With the industrial nations only now beginning to recover from the recent worldwide recession, the last thing they are thinking about is more foreign aid. This is true despite the fact that in the last twenty years foreign aid has fallen substantially when measured as a percentage of gross national product. In 1960, seventeen of the largest non-Communist industrial nations gave one-half of 1 percent of their combined GNPs for foreign aid; by 1981, it had fallen to a third of 1 percent. Nations are fed up with seeing their money wasted on ill-conceived, poorly planned, and badly executed projects in the Third World. They are also discouraged by the lack of progress. For example, during the 1970s, personal income in black Africa, excluding oil-rich Nigeria, actually decreased despite billions of dollars in aid. The fact that Ethiopia's Marxist dictator Men-gistu Haile Mariam spent $110 million on an obscenely lavish anniversary celebration last year while millions of Ethiopians were starving to death has disillusioned even the staunchest supporters of foreign aid programs.
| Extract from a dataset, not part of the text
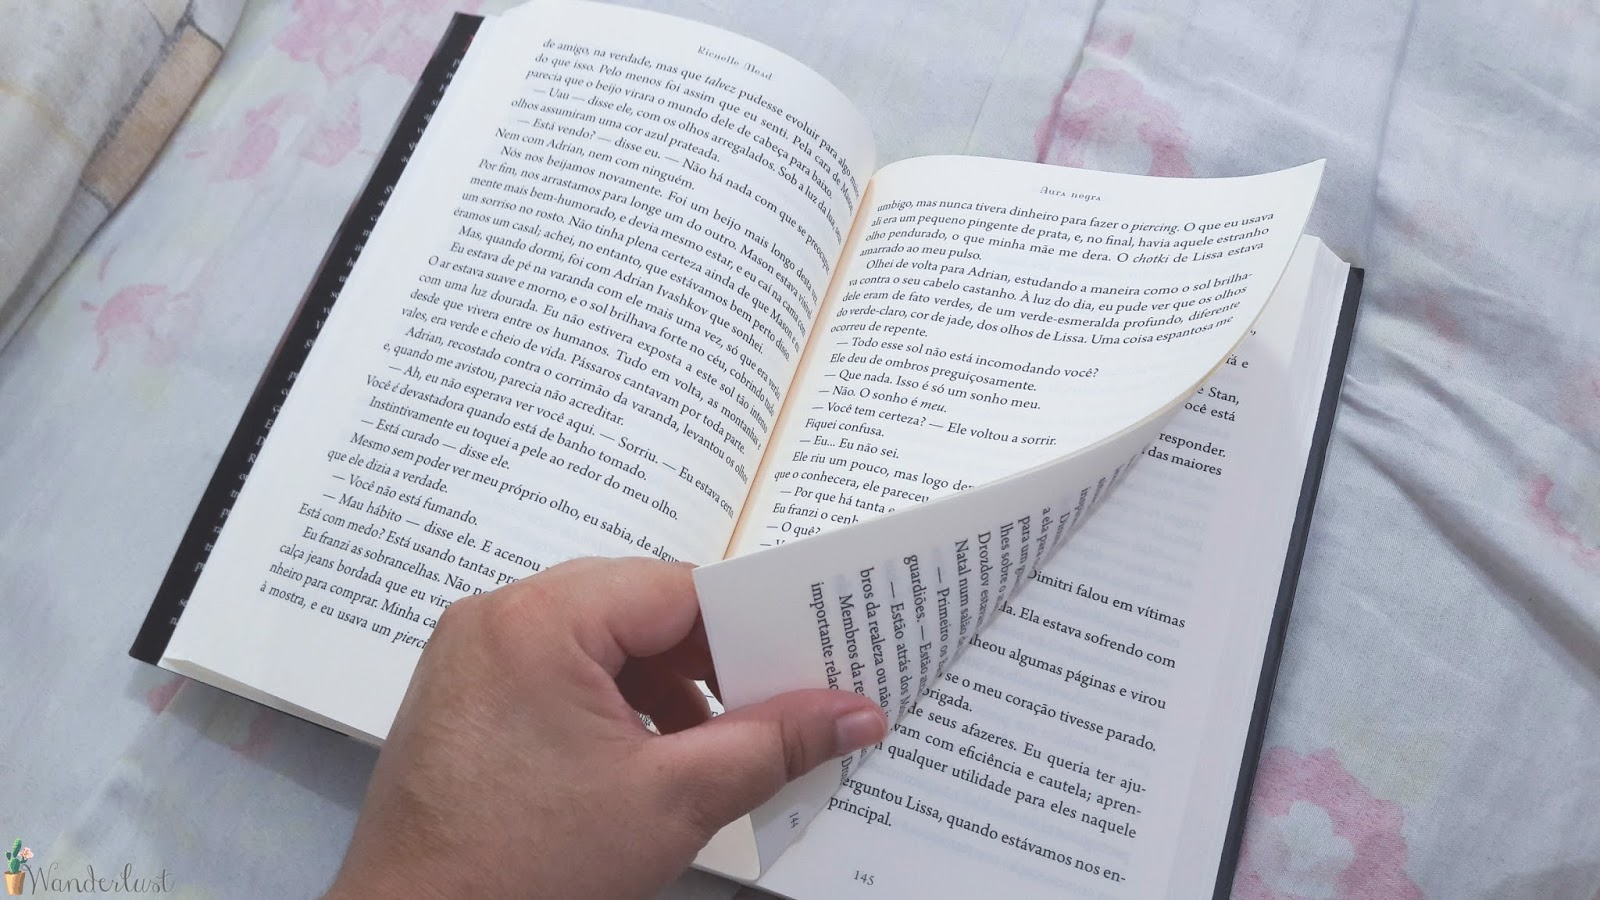 leituras, micaela ramos, livro, fotografia, academia de vampiros, aura negra, richelle mead,

Many abroad and in the United States have understandably concluded that foreign aid is not worth the investment. As far as traditional government-to-government aid is concerned, they are right. Much of it is wasted, especially when it is handed over with no strings attached. Often officials in a developing country are too proud to take advice from foreigners about how to spend the money, while the bureaucrats in the donor countries are too poorly informed or too sensitive to Third World officials' tender egos to offer advice, lay down conditions, or follow up on a grant once it has been made. But just as a bank does no favor to a borrower by making him a bad loan, we do not help a Third World country when we
provide aid that subsidizes socialism, the status quo, corruption, or repression.